Since Feb 2026 we've had around 11 servers running different Windows OS versions go into a not responsive state. The majority of them are running Server 2019 but two of them are running 2016/2025. The issue is not reoccurring on the same systems. We have a little over 1 thousand virtual servers running different apps on multiple different physical hosts and only a very small portion has had this issue occur. All servers run the same AV and other management type software.
When the issue occurs, the server is still Pingable, but services stop working on them. A symptom we use to detect if the issue is occurring is the System Center Operations Manager agent alerts 'Health Service Heartbeat Failure'.
Services for applications that are running on the servers with this issue also stop working as well. When we try to remote desktop, it doesn't work. If we try to access the local console the screen is stuck on black.
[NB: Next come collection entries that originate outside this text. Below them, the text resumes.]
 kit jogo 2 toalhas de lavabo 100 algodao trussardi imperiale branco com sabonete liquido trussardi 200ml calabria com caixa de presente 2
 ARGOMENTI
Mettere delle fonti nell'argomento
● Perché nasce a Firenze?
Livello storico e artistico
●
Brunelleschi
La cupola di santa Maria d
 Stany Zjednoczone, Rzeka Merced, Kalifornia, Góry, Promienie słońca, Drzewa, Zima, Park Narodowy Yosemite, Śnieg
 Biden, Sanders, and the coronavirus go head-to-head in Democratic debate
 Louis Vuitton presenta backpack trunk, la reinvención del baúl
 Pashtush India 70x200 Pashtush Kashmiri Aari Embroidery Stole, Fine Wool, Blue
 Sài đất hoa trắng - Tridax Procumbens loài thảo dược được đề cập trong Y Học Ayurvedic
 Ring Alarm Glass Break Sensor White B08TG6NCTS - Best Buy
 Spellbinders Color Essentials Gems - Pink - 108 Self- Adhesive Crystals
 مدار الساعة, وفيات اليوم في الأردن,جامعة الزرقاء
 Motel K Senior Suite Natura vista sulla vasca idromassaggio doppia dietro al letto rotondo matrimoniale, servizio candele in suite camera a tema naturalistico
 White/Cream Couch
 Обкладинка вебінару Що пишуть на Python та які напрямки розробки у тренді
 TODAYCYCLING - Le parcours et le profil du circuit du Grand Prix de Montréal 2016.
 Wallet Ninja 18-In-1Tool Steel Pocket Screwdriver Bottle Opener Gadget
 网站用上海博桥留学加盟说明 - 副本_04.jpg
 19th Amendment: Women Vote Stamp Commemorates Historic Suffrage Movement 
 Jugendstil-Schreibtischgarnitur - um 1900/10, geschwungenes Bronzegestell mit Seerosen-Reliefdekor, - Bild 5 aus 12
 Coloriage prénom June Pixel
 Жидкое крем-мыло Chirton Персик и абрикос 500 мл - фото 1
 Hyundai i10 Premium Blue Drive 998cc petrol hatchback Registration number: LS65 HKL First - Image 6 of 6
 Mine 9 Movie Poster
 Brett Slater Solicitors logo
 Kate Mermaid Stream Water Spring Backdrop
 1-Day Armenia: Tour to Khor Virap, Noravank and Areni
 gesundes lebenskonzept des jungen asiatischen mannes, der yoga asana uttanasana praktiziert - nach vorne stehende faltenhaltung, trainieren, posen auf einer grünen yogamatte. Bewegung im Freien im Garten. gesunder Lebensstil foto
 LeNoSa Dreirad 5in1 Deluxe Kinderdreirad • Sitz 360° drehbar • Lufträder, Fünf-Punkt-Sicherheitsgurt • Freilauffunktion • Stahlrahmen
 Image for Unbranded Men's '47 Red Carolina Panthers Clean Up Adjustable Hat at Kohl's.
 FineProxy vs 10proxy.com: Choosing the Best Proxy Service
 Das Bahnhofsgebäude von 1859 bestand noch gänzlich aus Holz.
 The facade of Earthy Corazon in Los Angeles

If we reboot the server, once it boots back up, it always says 'Getting Windows Ready | Do Not Turn Off Your Computer'.
We check to see if there are any updates or installations that occurred the same day of the issue but don't find anything. The event logs show a gap in time between the time the issue started and the time it's resolved.
In one case we left the server running (didn't reboot it) and the issue eventually resolved itself hours later.
These are all VMWare servers. We've tried updating VMWare esxi host software and hardware drivers as well as updating to the newest VMWare Tools version. The issue is still randomly occurring however (we had one do it this morning).